= Collected material =
★ ★ ★ ★ ★
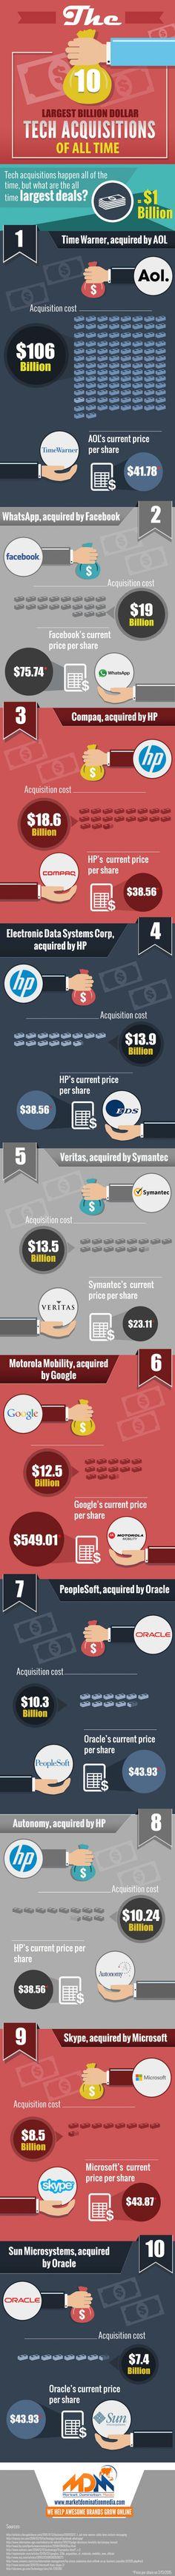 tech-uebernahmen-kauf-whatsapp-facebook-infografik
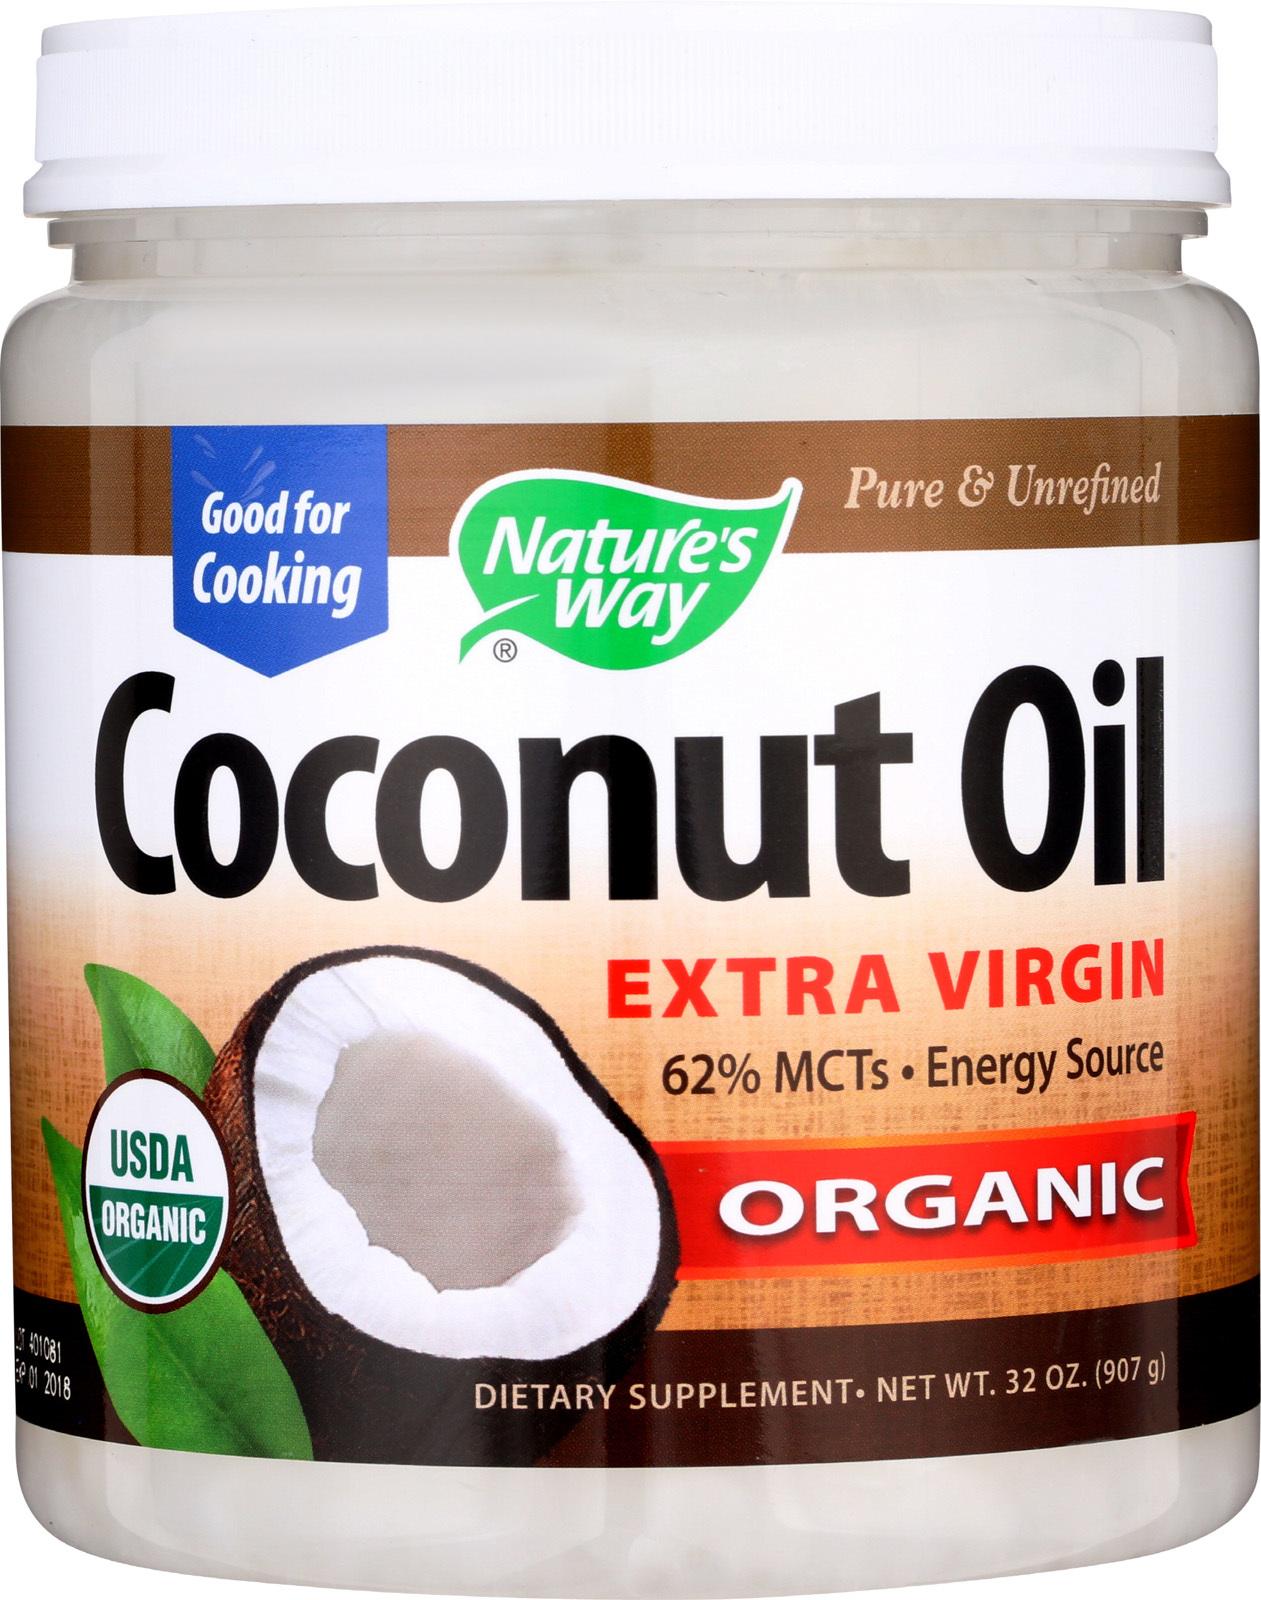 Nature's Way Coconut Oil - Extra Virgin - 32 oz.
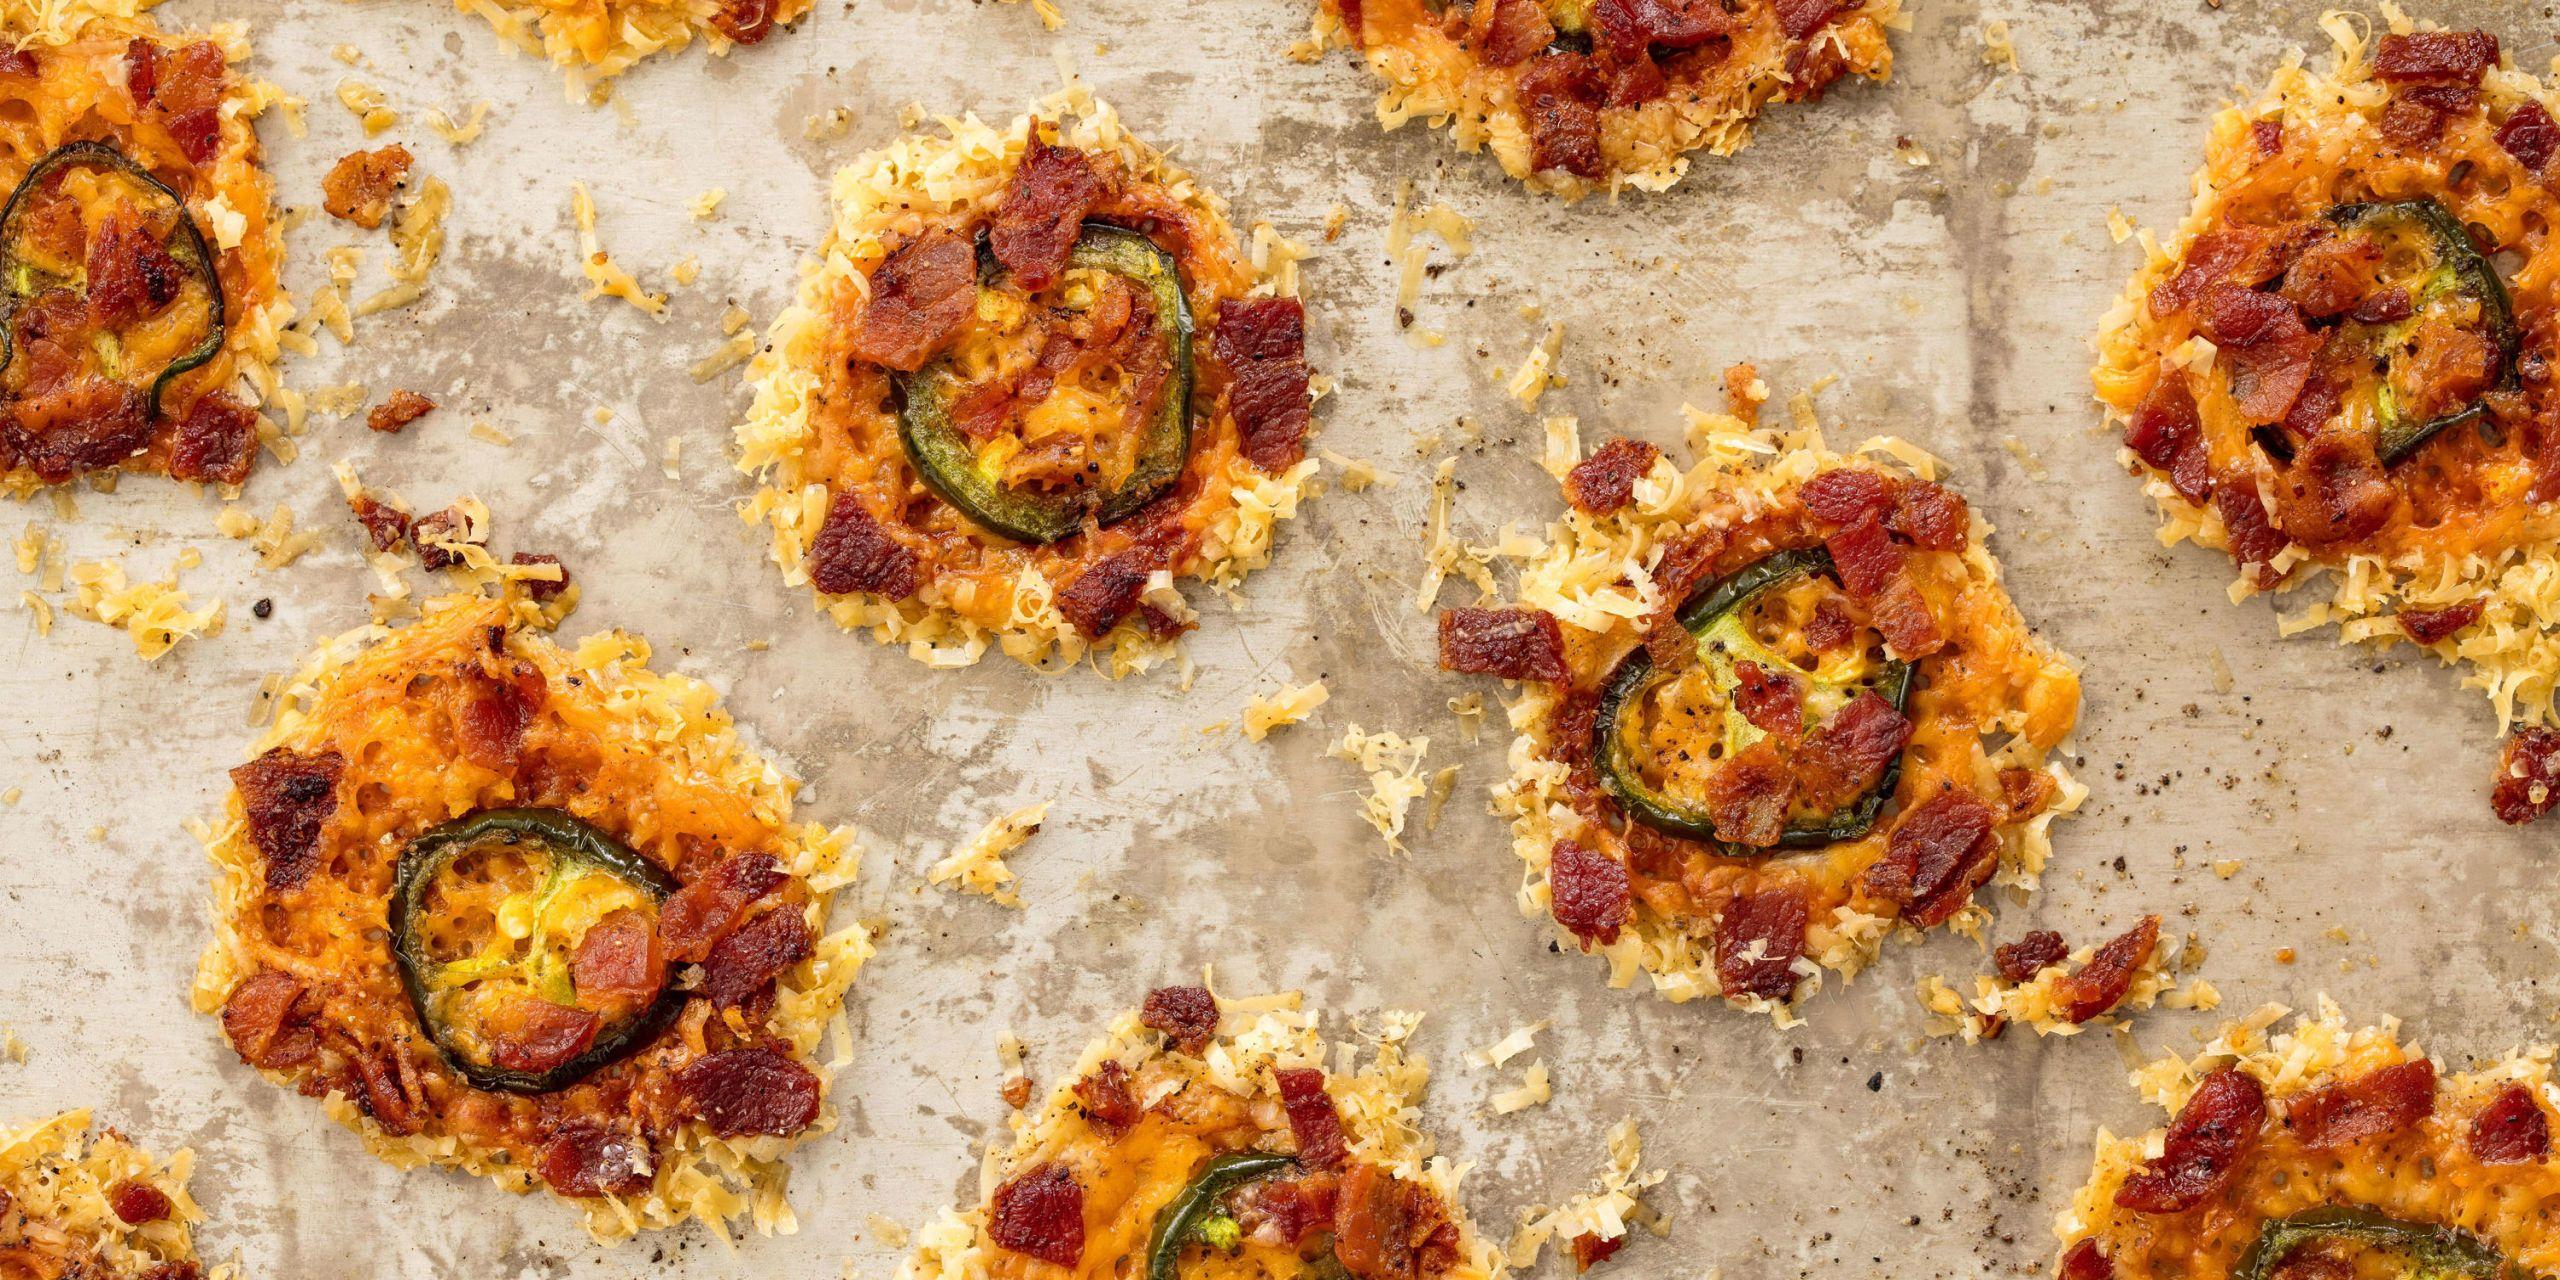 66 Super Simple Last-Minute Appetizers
★ ★ ★ ★ ★
= Activity =
Every line above should be reproduced exactly, please, with no pictures included.

= Reply =
 tech-uebernahmen-kauf-whatsapp-facebook-infografik
 Nature's Way Coconut Oil - Extra Virgin - 32 oz.
 66 Super Simple Last-Minute Appetizers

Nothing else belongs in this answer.